Punjabi Black-Eyed Peas


  • 1 1/2 cups Black-eyed peas, washed
  • 2" piece ginger, chopped 1 ea
  • Garlic cloves, chopped 7 ea
  • 5 Tbsp Vegetable oil
  • 2 md Onions, chopped
  • 2 tspCoriander, ground
  • 1 tsp Cumin, ground
  • 1 lrg Tomato, chopped
  • 1/3 cup Coconut cream
  • 1/2 tsp Cayenne
  • 1 1/4 tsp Salt
  • 2 Tbsp Cilantro, chopped


Drain washed peas, cover with 5 cups water & bring to a boil. Cover, reduce heat & simmer gently for 2 minutes. Turn off heat & let sit for 1 hour.

In blander, combine ginger & garlic with 1/3 cup water. Blend into a paste. Heat oil in a heavy pan. When hot, add onions. Stir-fry until a medium brown colour.

Add paste & cok for 1 minute. Add coriander & cumin & stir for another minute before adding the tomato. Stir & fry till tomato is soft.

Add 1 Tbsp coconut cream & stir until it is well incorporated into the vegetables.

Add all coconut cream this way.

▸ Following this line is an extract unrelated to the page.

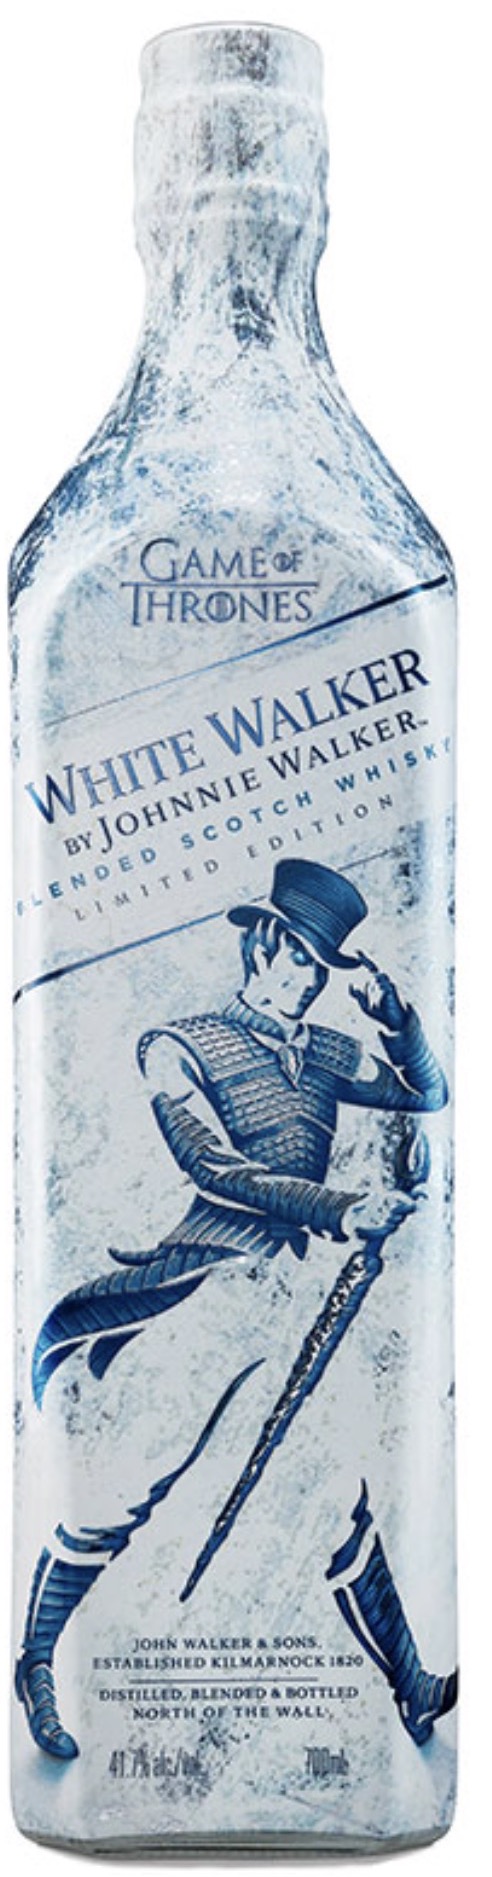 White Walker by Johnnie Walker Blended Scotch Whisky 41,7 % 0,7 l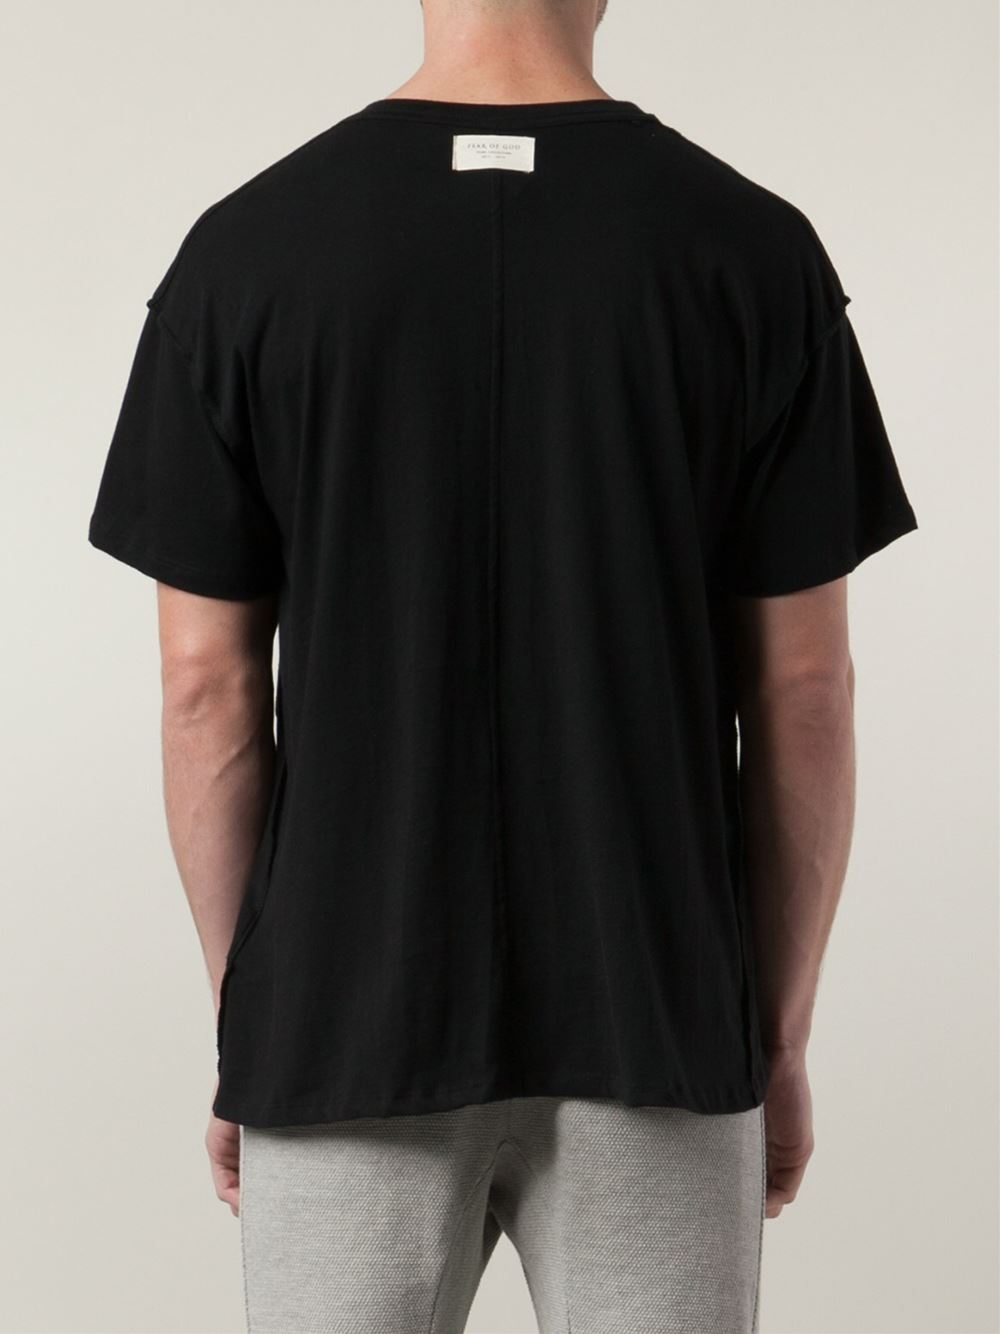 Fear of god Crew-Neck T-Shirt in Black for Men | Lyst

Continue to cook for 2 to 3 minutes.

Add the beans & their liquid, plus salt & cayenne. Stir to mix & bring to a simmer.

Cover, reduce heat & simmer for 40 minutes. If there is a lot of liquid left, raise heat & cook for another 10 minutes. Garnish with chopped cilantro.